In my brief I had even given the Supreme Court in out if it did not want to rule on the First Amendment issues at all and save it for another day. I said those issues did not have to be reached this day since it was admitted that the church concealed their religious identity and by such denial of same they were estopped to assert religious First Amendment rights. In other words, by denying the were a religious organization in this limited fact situation they had waived the right to claim religious freedom they say there are entitled to.

If that idea was not bought, I thought, this might be the low point of my life. Ford was not optimistic either. We had dinner together but were not smiling.

But what would occur was one of the most exhilarating experiences I ever had. I argued before in the appellate courts, but there is something majestic and unequally honorable in the Supreme Court. Lawyers were announced by name and asked to step forward to their seats like knights of the round table. The Justices, sat like Kings, high up before us. I felt so very proud to be there. Added to that was the atmosphere this was a special case where history would be made. Everywhere were television cameras and reporters ready to take down every word .

And by the time Ford was half-way through we were smiling.

An appellate argument differs from trial court. Despite your limited time, Justices generally interrupted you and asked challenging questions. Often by the questions they asked you could tell which way they were thinking. Not only were the right questions being asked of Ford it was the churches lawyers who had their arguments grilled. By the time I stood up to the plate, no home run was needed. It was mine to lose. All I really had to do was say yes to the questions asked. But I did close saying with tort liability established organizations (don’t think we used the “cult” word) will be discouraged from continuing brainwashing camps like Boonville as it could cost them big money judgments and money was what they were about. At the same time, knowing the practice had been discouraged, parents may be more confident in their children’s religious choices and the need for kidnapping/deprogramming may vanish.

Leaving the courtroom arm in arm to an awaiting entourage of cameras and reporters, Ford and I practically kicked the doors open and greeted the hallway press with an imitation of the Ghost Busters, “We Came, We saw, We kicked their ass”
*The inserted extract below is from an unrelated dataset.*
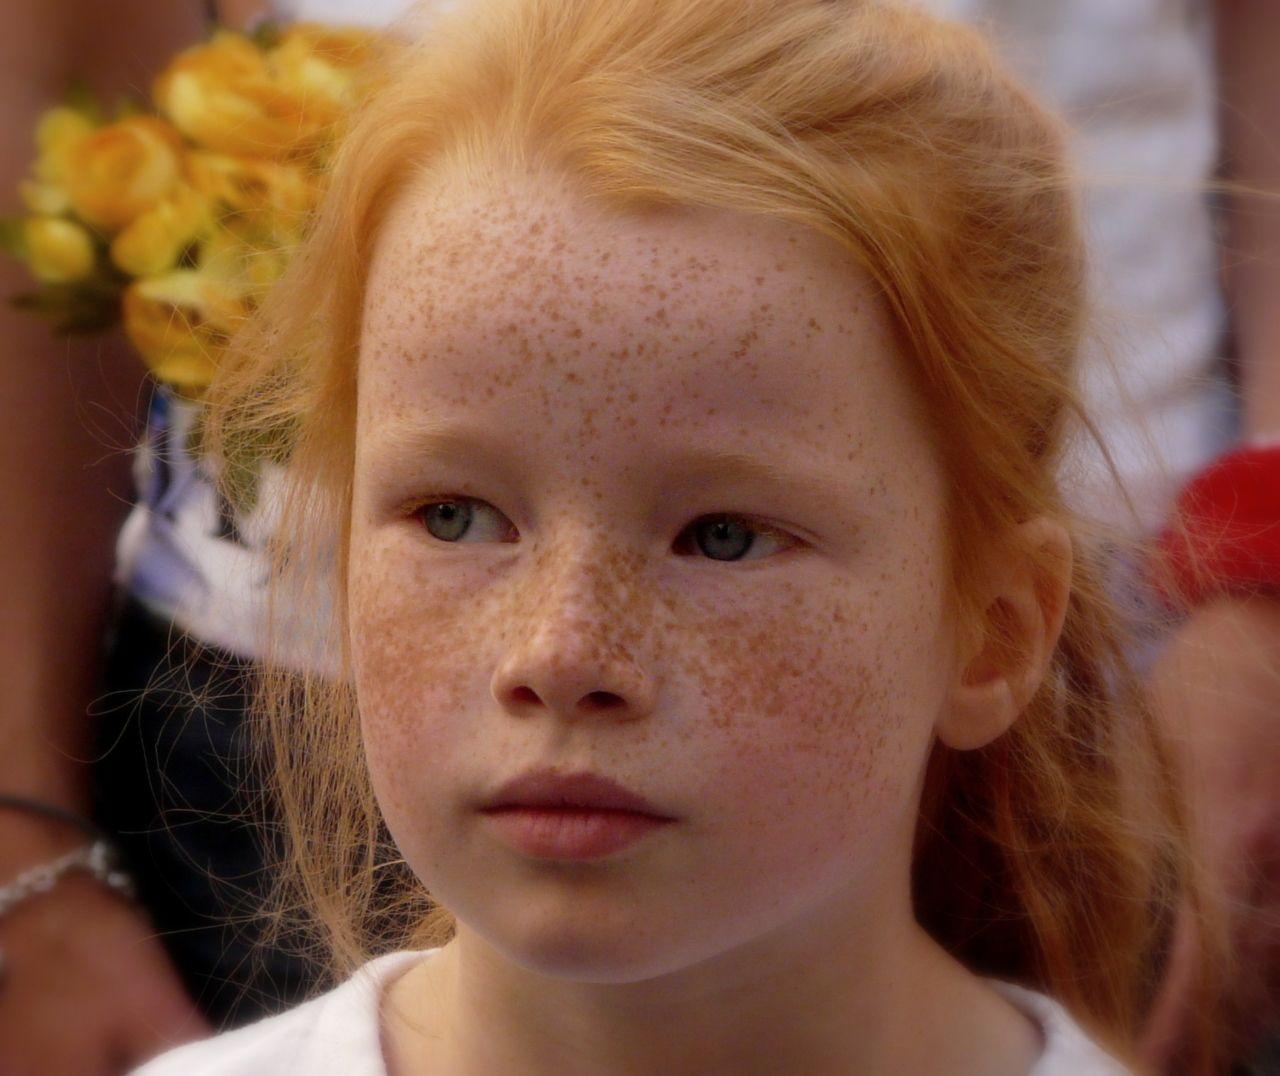 Chubby freckles yvonne

Finally, in October of l988, while my son still to young to understand his Dad’s exuberance, the High Court issued its formal ruling.

Citing my citations of Prof. Richard Delgado, the California Supreme Justices noted “some individuals who experience coercive persuasion emerge unscathed, many others develop serious and sometimes irreversible physical and psychiatric disorders, up to and including schizophrenia, self-mutilation, and suicide.”

The state, it said, has a compelling interest in protecting not just religions but the family institution. Since the family almost invariably suffers great stress and sometimes incurs significant financial loss when one of its members is unknowingly subjected to coercive persuasion the state has a compelling duty to protect families from suffering such impairments as a result of fraud and deception.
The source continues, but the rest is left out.